Exercise prompt — Would you give the listing back word for word once its pictures are removed?

Dataset content —
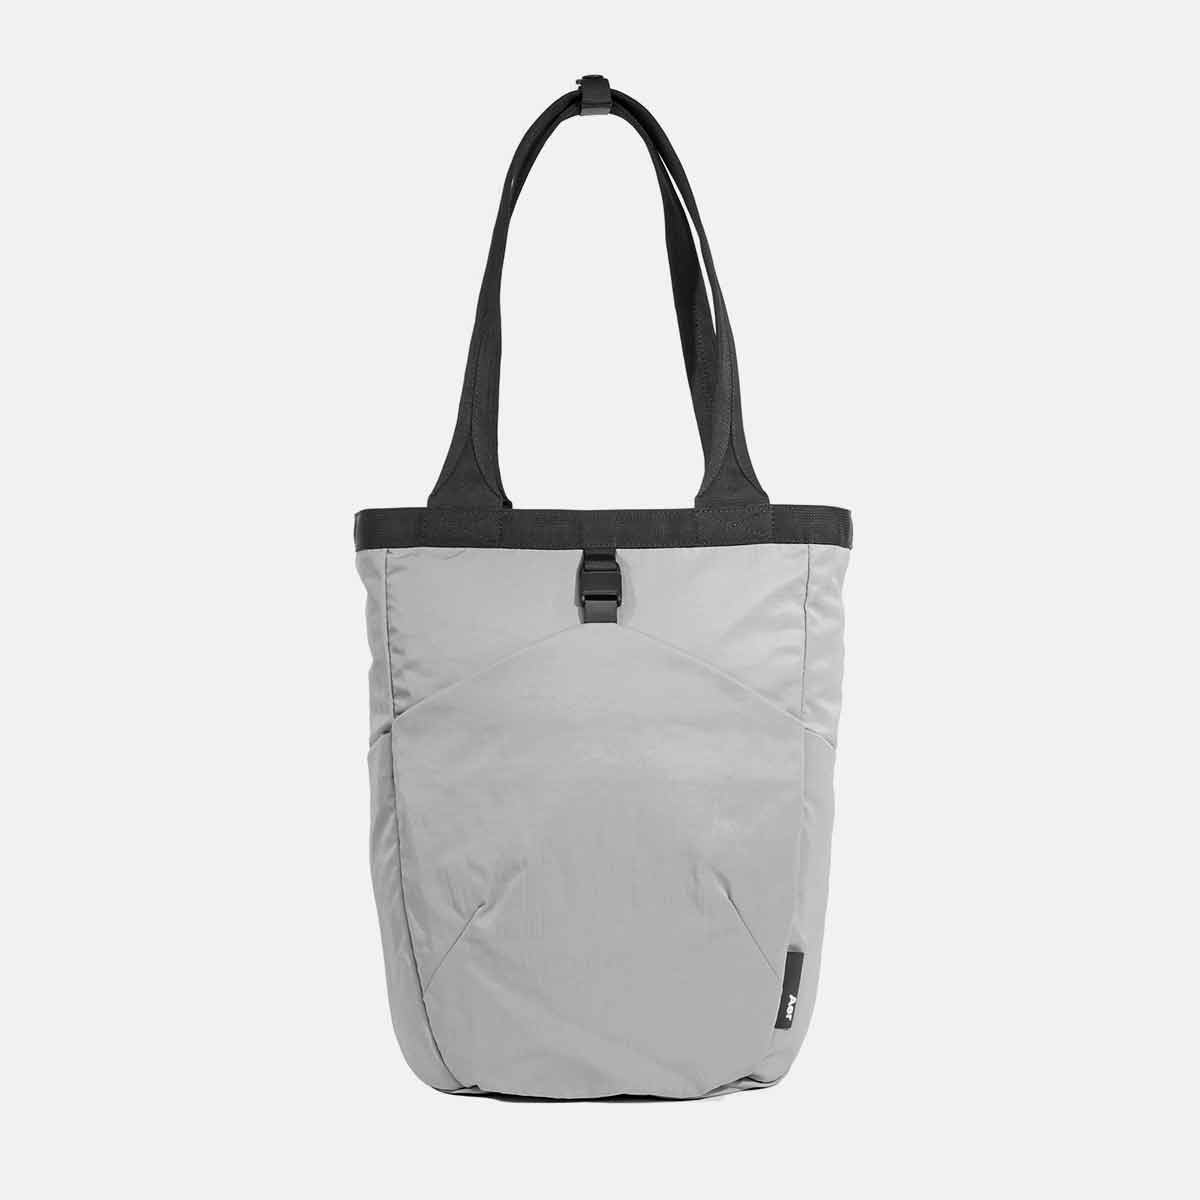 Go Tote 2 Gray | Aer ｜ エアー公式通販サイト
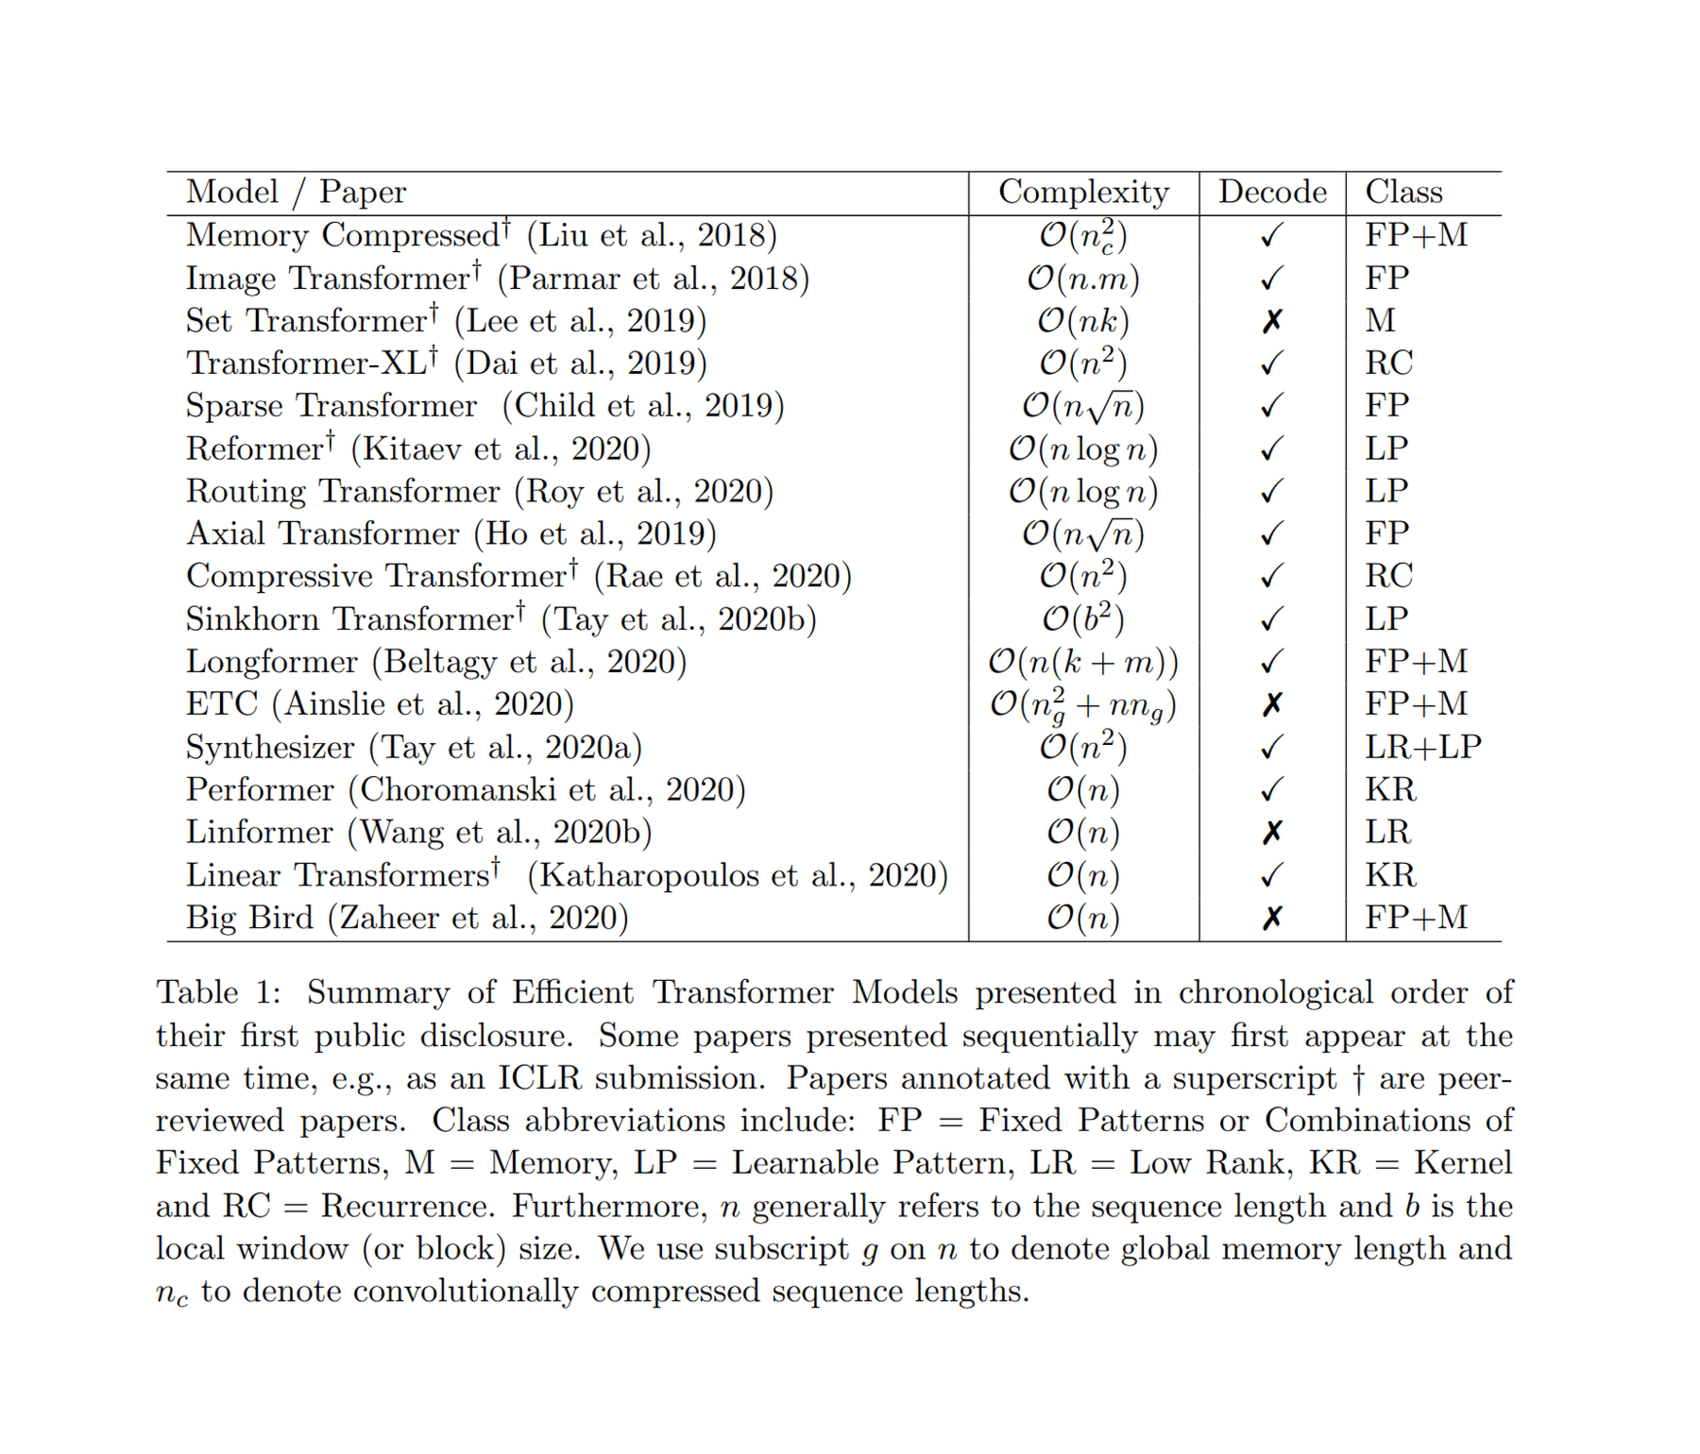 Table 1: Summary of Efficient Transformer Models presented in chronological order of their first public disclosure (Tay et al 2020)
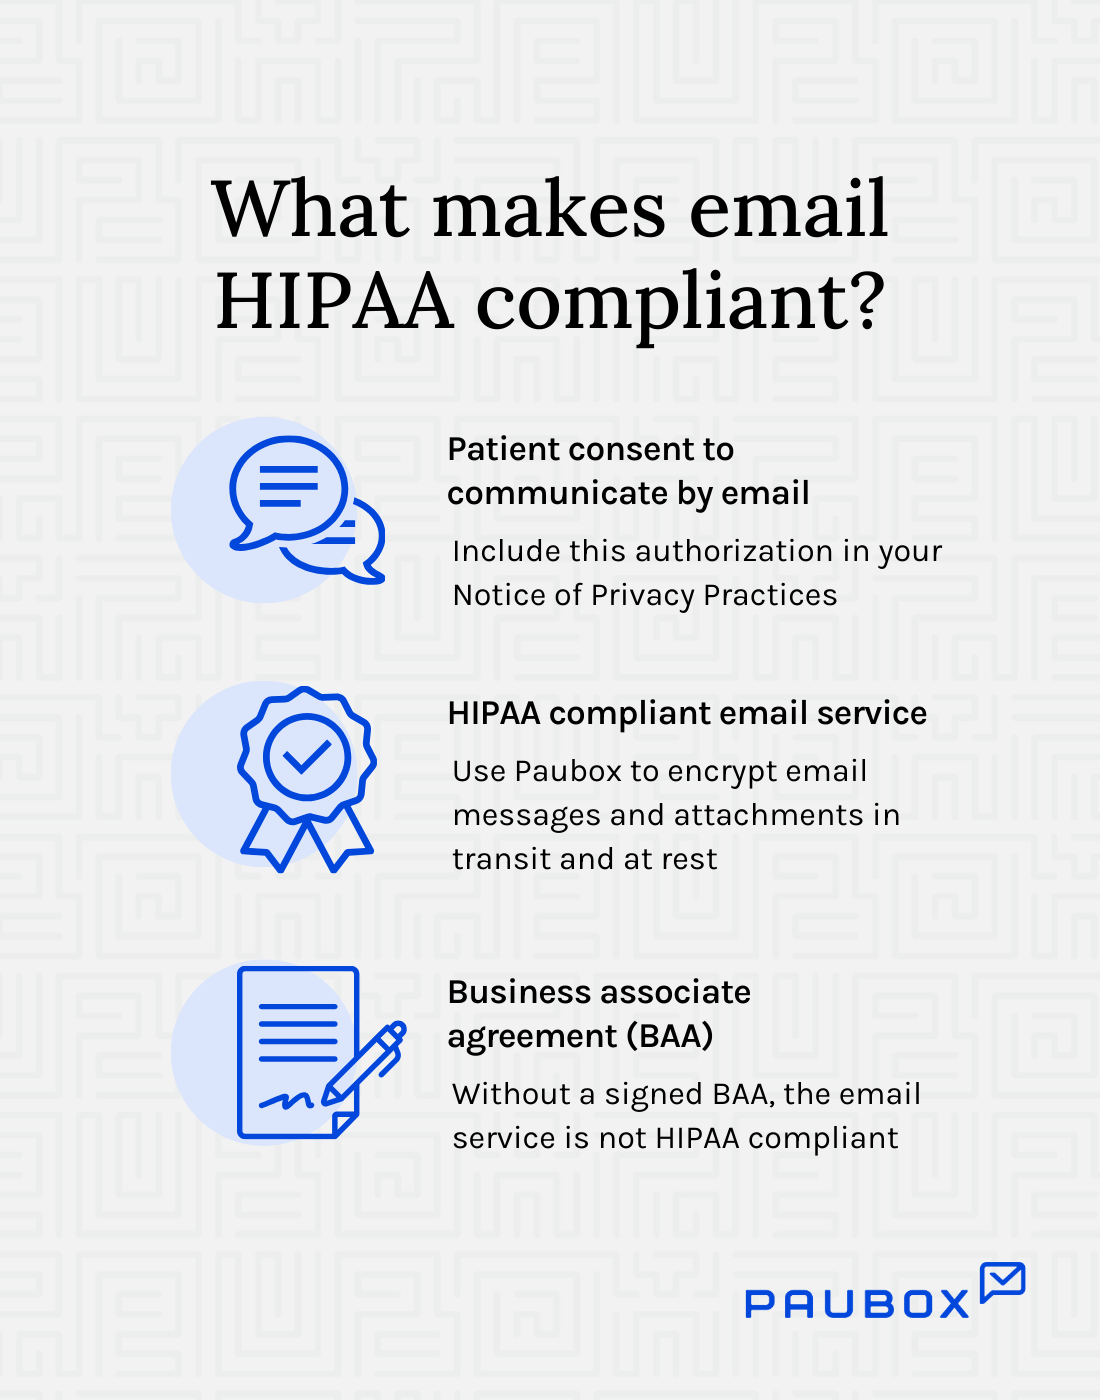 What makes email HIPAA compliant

Task output —
 Go Tote 2 Gray | Aer ｜ エアー公式通販サイト
 Table 1: Summary of Efficient Transformer Models presented in chronological order of their first public disclosure (Tay et al 2020)
 What makes email HIPAA compliant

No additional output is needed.